My letter of concern, I sent to Rhonda Brunett in need of someone or some kind of direction or assistance:
This e-mail ended up being a whole lot longer than I'd originally intended.. I'm sorry. Please read anyway..?
Hi Rhonda,
I spent a lot of time reading your blogs on the Autism One site last evening, and I even responded to one (hoping it went through). I occasionally got the impression, as I read, that Jordan and Alex were maybe one and the same kid..lol. Alex just turned 15, is affected by Autism/Aspergers, and since he entered middle school our lives have been dumped upside-down.

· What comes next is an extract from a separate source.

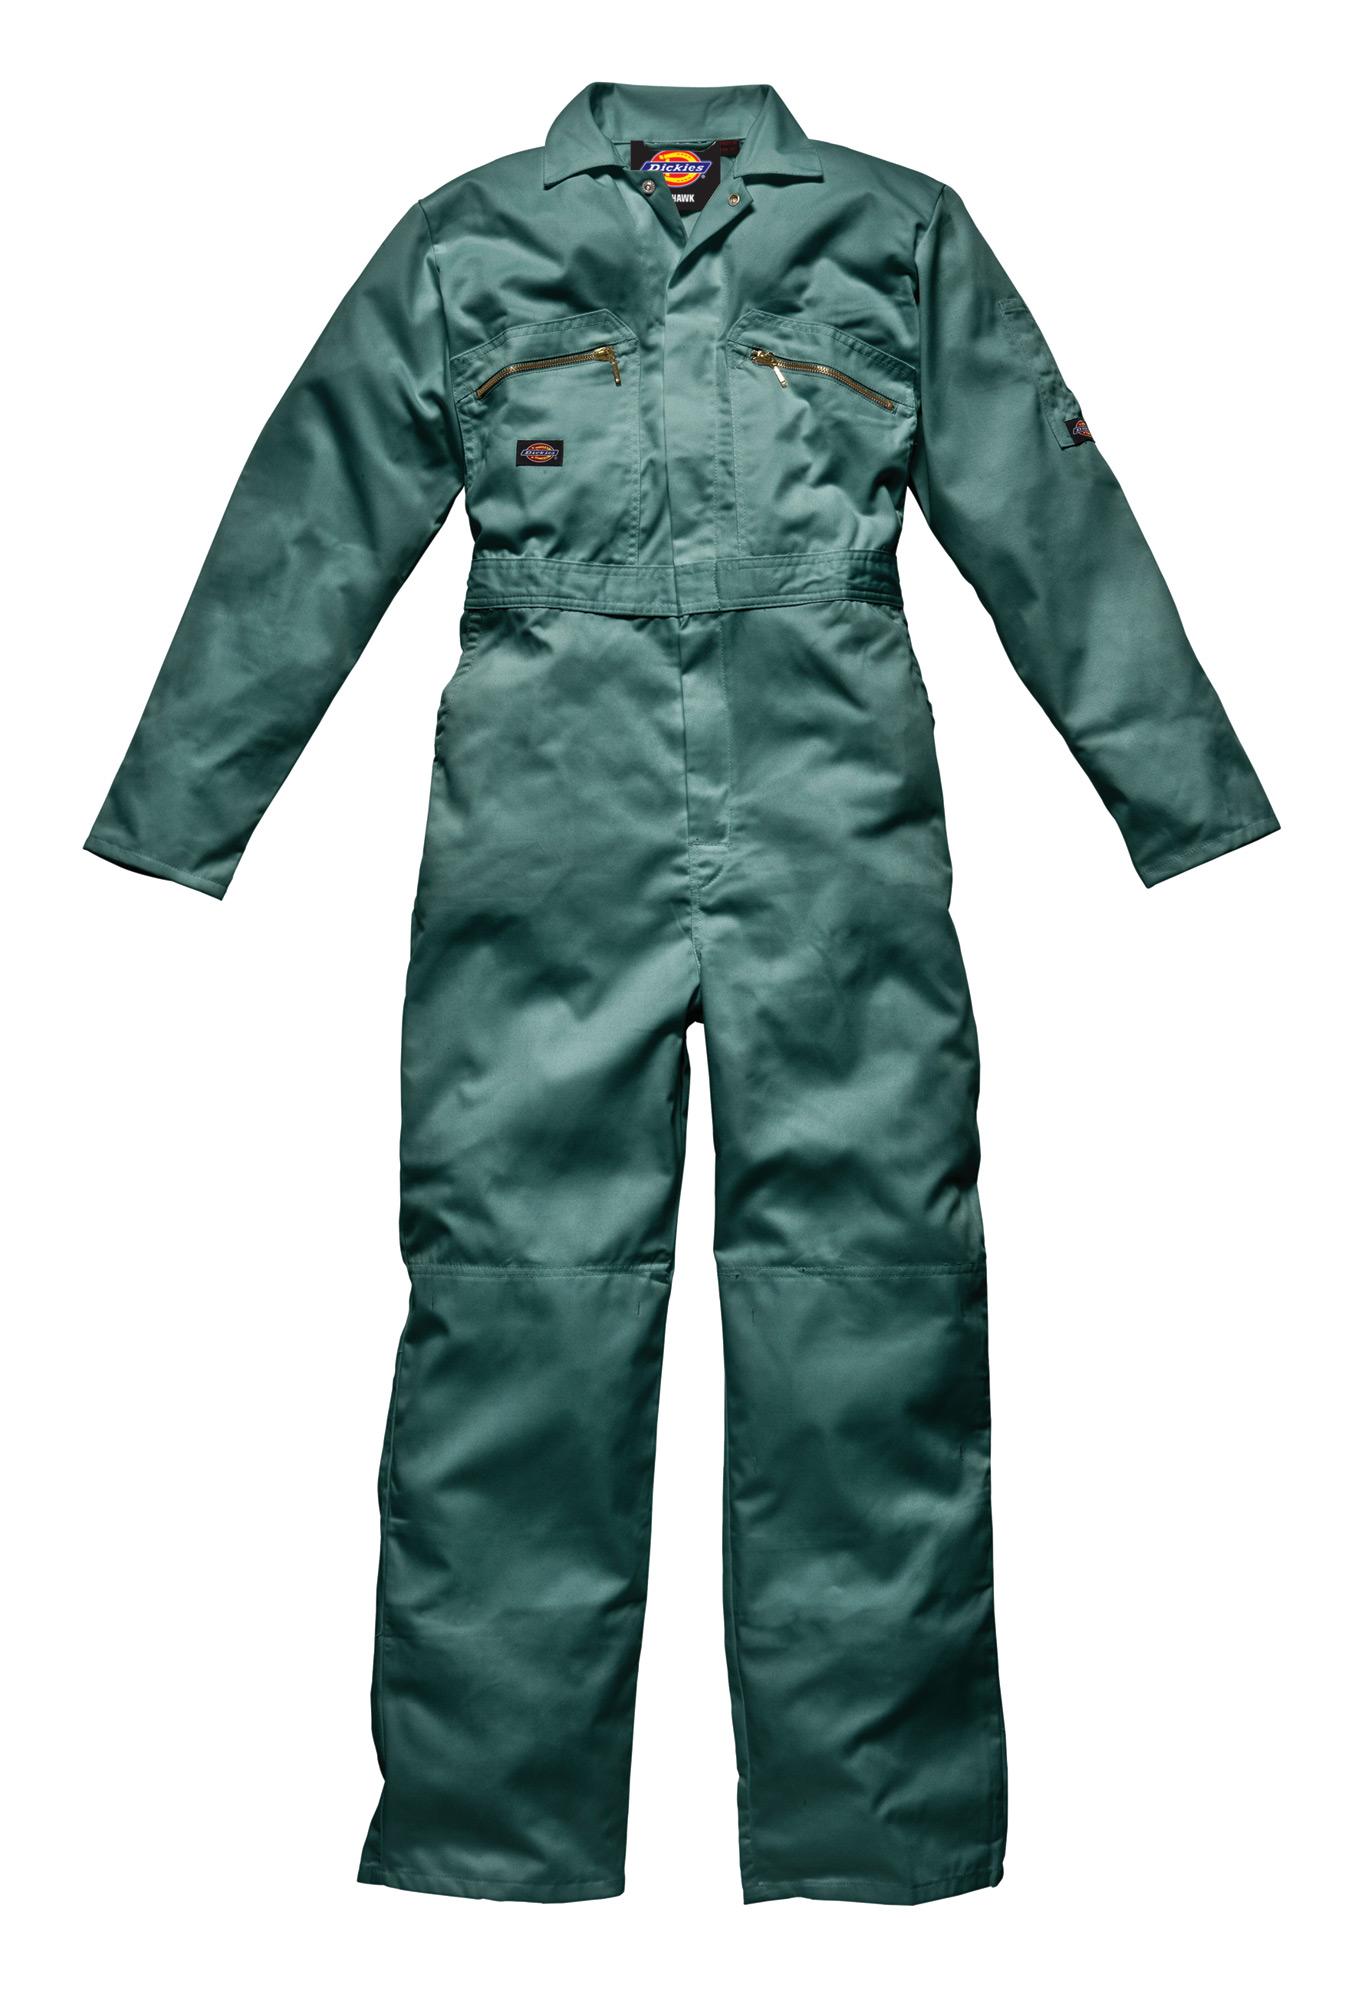 Dickies Redhawk Wd4839 Overalls Coveralls Boilersuit Green

One of the things I'd noted in one of your blog entries was that we share the opinion that school districts: administrators and teachers are quite UNKNOWLEDGABLE in regard to Autism Spectrum Disorders. They don't seem to know the slightest things regarding how a person is affected, nor how to help these kids or adults. My thought right now is: "Are they just plain STUPID, or what????" Or, if they're really not stupid.. have the school administrators, etc., just have their heads so far stuck in the mud (and perhaps believe that all ASD students are to be exclusively serviced in Spec. Ed. classrooms), that they just don't care whether or not they enlighten their staffs????
It's very much appearing to me that the only persons who do know about ASD's, their challenges, their needs, and their gifts, are the staff that the school districts are required to have on their staffs; psychologists, Spec. Ed./ Resource Room teachers, and the social workers. <-The social worker within
my son's high school also seems to not have a clue. It's either that or she's faking ignorance, (which could be the case too I guess).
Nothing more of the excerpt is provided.